Mountain Equipment Aerostat Down 7.0 Mat Review

When it comes to staying warm on a winter camp or an alpine bivvy, a toasty sleeping bag is only part of the story. Because the bag's insulation will compress under you, the quality of what goes between that and the cold, hard ground is pivotal. A decent insulated mat can make all the difference to your comfort - and conceivably even your safety on a mountain night. The modern breed of insulated, inflatable mats offer plenty of warmth for minimal weight and pack size - and as with sleeping bags, a down fill is the gold standard in terms of both insulation and packability.

It's a warm and robust mat for serious mountain and winter use  © Dan Bailey
It's a warm and robust mat for serious mountain and winter use
© Dan Bailey

Mountain Equipment's new Aerostat Down 7.0 has to be one of the warmest mats on the market - and thus one of the best for use in cold conditions. I've had a pre-production sample on test for the last year, and while the version now in the shops is a little different, the change is unseen within. My mat has 120g of 90-10 700 fill power duck down inside, held in place in a series of helix-shaped baffles; however the version now available boasts a more generous 180g (size Regular). As far as I can establish, that's more down than you'll find in any alternative model.

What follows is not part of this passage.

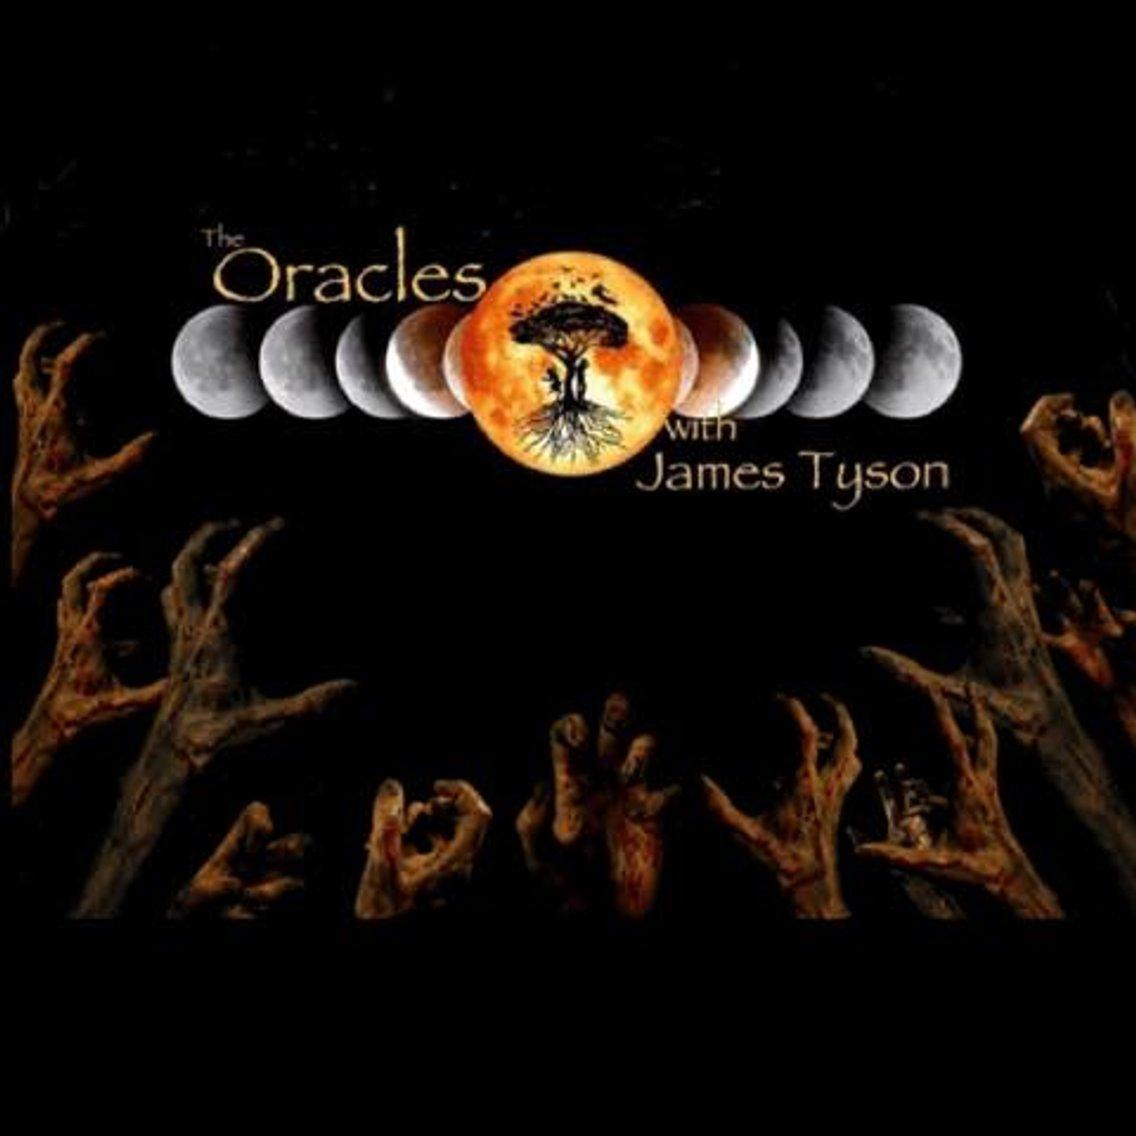 The Oracles with James Tyson - immagine di copertina

This is a high quality, state of the art mat which fully justifies its price tag. I've used mine a lot over the last 12 months, so it's nice to be able to provide a long-term verdict on what, I think, is a really great product.

Getting away with a thinner sleeping bag, thanks to the insulation of the mat  © Dan Bailey
Getting away with a thinner sleeping bag, thanks to the insulation of the mat
© Dan Bailey

Warmth

Clearly I have a less-insulated prototype, but even this is impressively warm. Camping on deep snow last winter, on a night that went down to at least -8, I was plenty snug enough. Having a decent bag helped, but it was noticeable too how little cold I felt from the ground below, even when sitting up on the mat (something that normally brings you closer to the cold). And having slept on it on several more sub-zero nights since then, I've no doubt that this is a mat you could rely on to take you down to very low temperatures indeed - think Alpine winter, high altitude expeditions or polar shenanigans.

I'm unlikely to be doing any of the above for the forseeable future, but even for UK winter use I think a mega-insulating mat comes in handy. The modest extra weight in your pack compared with a less-insulated alternative could in theory be compensated for by needing a rather less warm sleeping bag. Besides, how often do you worry about being too warm when camping in the winter hills?

For the production version, with that 180g of down, ME's 'good night's sleep' temperature is a frigid -40!

It's an amazingly warm mat when the mercury goes seriously low...  © Dan Bailey
It's an amazingly warm mat when the mercury goes seriously low...
© Dan Bailey

But if you want something more scientific than an anecdotal 'it's toasty', the Aerostat also has an R-value of 5.0. While it can't tell you everything, an R-value does provide a useful objective indication of insulating performance, and serves as a quick way to compare different models. This is a lab-based measure of how effectively something resists conductive heat flow: a bigger R-value means better thermal insulating properties. Until recently there was no industry standard test for mats, and it was unclear to us end users exactly what the various rival brands were basing their R-value figures on. ME held back the the Aerostat mat until a new test came on stream.

ME's Product Engineer Matthew Fuller tells us:

"We are relaunching our Aerostat sleeping mats to coincide with the publishing of a Standard method for testing sleeping mats, ASTM F3340. The Standard is there to measure the R value of a mat, which represents how well the mat insulates you from the ground and therefore how warm the mat feels. Having a Standard test is a positive move for the industry, levelling the playing field between brands and making it clearer for consumers.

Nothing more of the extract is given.